The SLA signed with the Nigeria LNG in 2017 was the first of its kind to be entered between a regulator and another entity in the oil and gas industry. The template was adopted for managing documentation, contracting and expatriate quota applications between the Board and international and local operating companies.
The agreement obligated NLNG to submit to the NCDMB documents like the Quarterly Job Forecast, Nigerian Content Plan, Bidders List, Nigerian Content Evaluation Criteria, Nigerian Content Technical Bid among others, while the Board had to respond on specific timelines.
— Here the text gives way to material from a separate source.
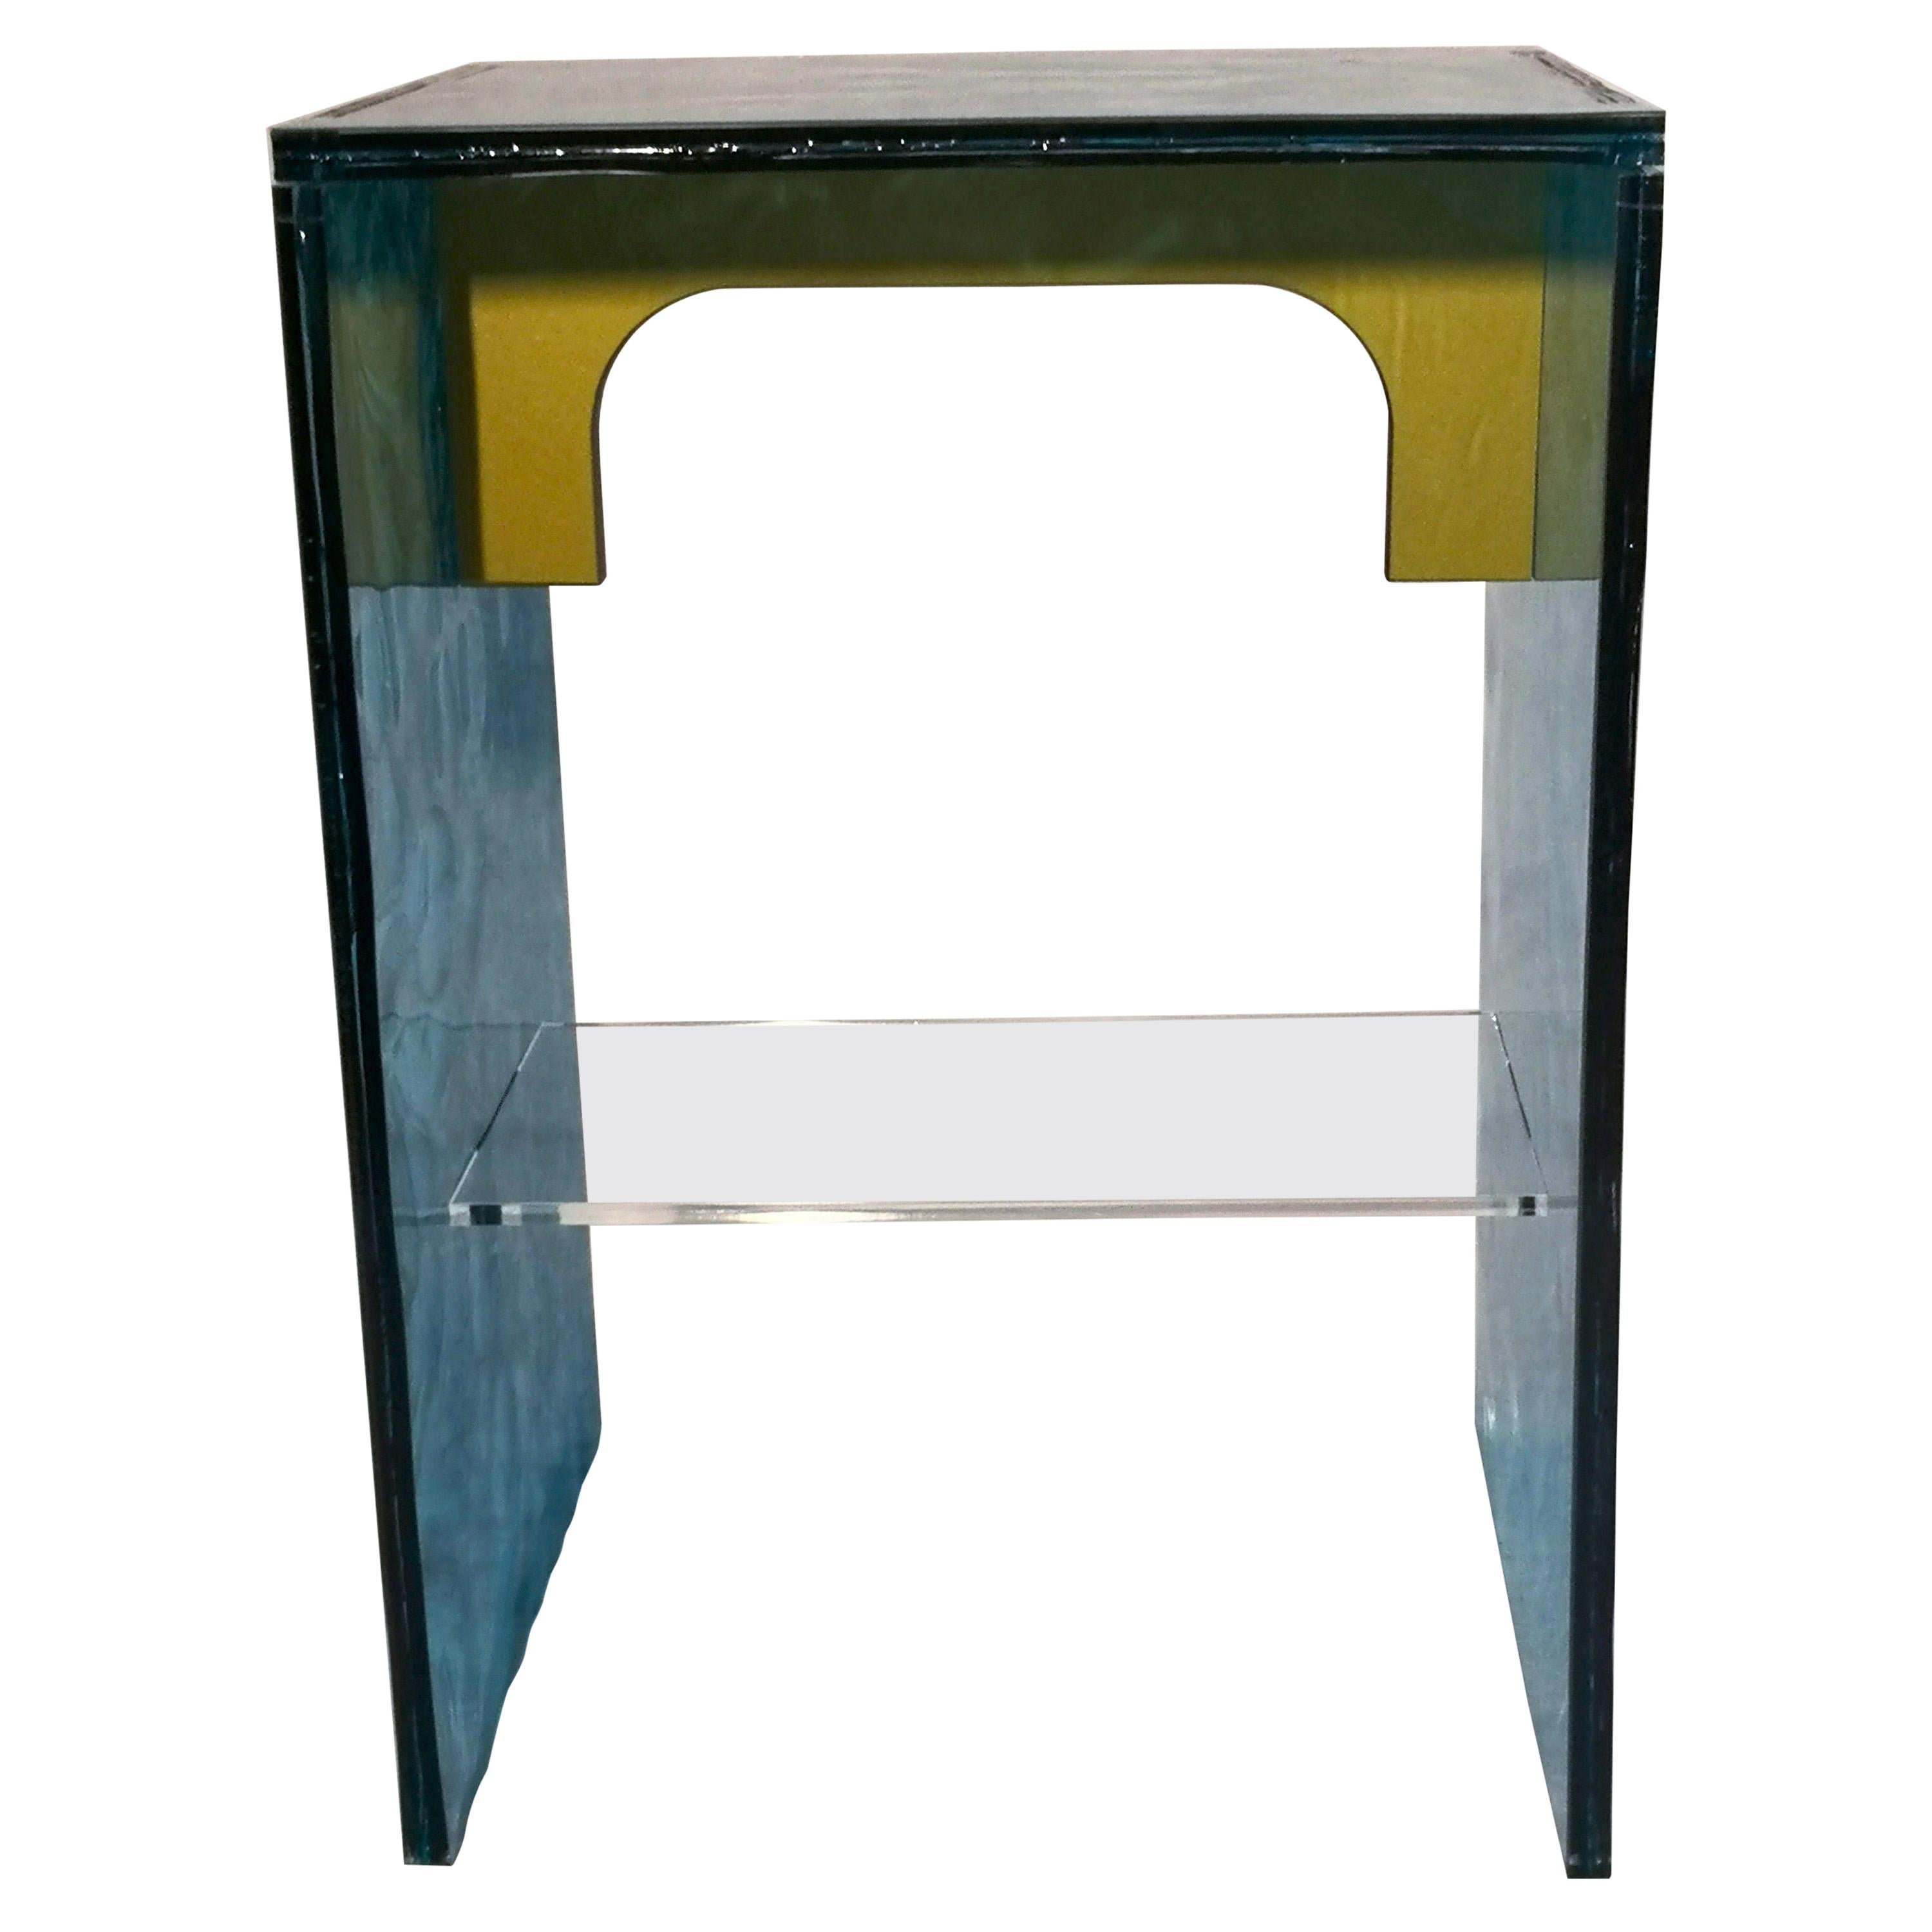 Sketch Quadro Side Table 2 Made of Green Acrylic Des. Roberto Giacomucci in 2020

Should the Board fail to respond in accordance with the provisions of the SLA, the company could proceed with its tendering process after informing the Board in writing or email.
…as active oil rigs hit 31 in 2023 from 10 in 2022
Active oil rigs in Nigeria have increased from 10 in 2022 to 31 in August 2023, the Nigerian Upstream Petroleum Regulatory Commission (NUPRC) has revealed.
Speaking on the sidelines of the ongoing World Petroleum Congress, Calgary, Canada, Chief Executive Officer, Nigerian Upstream Petroleum Regulatory Commission, NUPRC, Gbenga Komolafe said, “On average, Nigeria had seventeen (17) active oil rigs in 2019 representing one of the highest counts in the African continent as at then.
“The average rig count declined to eleven in 2020, seven in 2021, 10 in 2022, but recently grew to as high as 31 by August 2023, a positive signal of new investments trickling into the country.
“The relatively high crude oil prices may have also attributed to the increase in activities in the petroleum upstream sector.
“We also see this as a reflection of investors’ acceptance of the PIA and its effective implementation by the regulator.
“The projected outlook over the next few years looks promising, and as the regulator in the oil and gas upstream sector.”
Regulatory uncertainty drags upstream expenditure by 77.8% in 8yrs
The NUPRC also stated that uncertainties with regulation dragged the upstream sector expenditure by 77.8 per cent in 8yrs.
The Commission Chief Executive who was represented by the Executive Commissioner, Kelechi Ofoegbu said capital expenditure into Nigeria’s upstream sector, dropped by 77.8 per cent to $6 billion in 2022, from $27 billion in 2014, due mainly to regulatory uncertainty.
He noted that the development culminated in the stagnation of the nation’s oil and gas industry.
He said the nation’s Petroleum Industry Act, PIA, has paved the way for the sustainable development of the industry, adding that it has also brought about restructuring, transparency and accountability.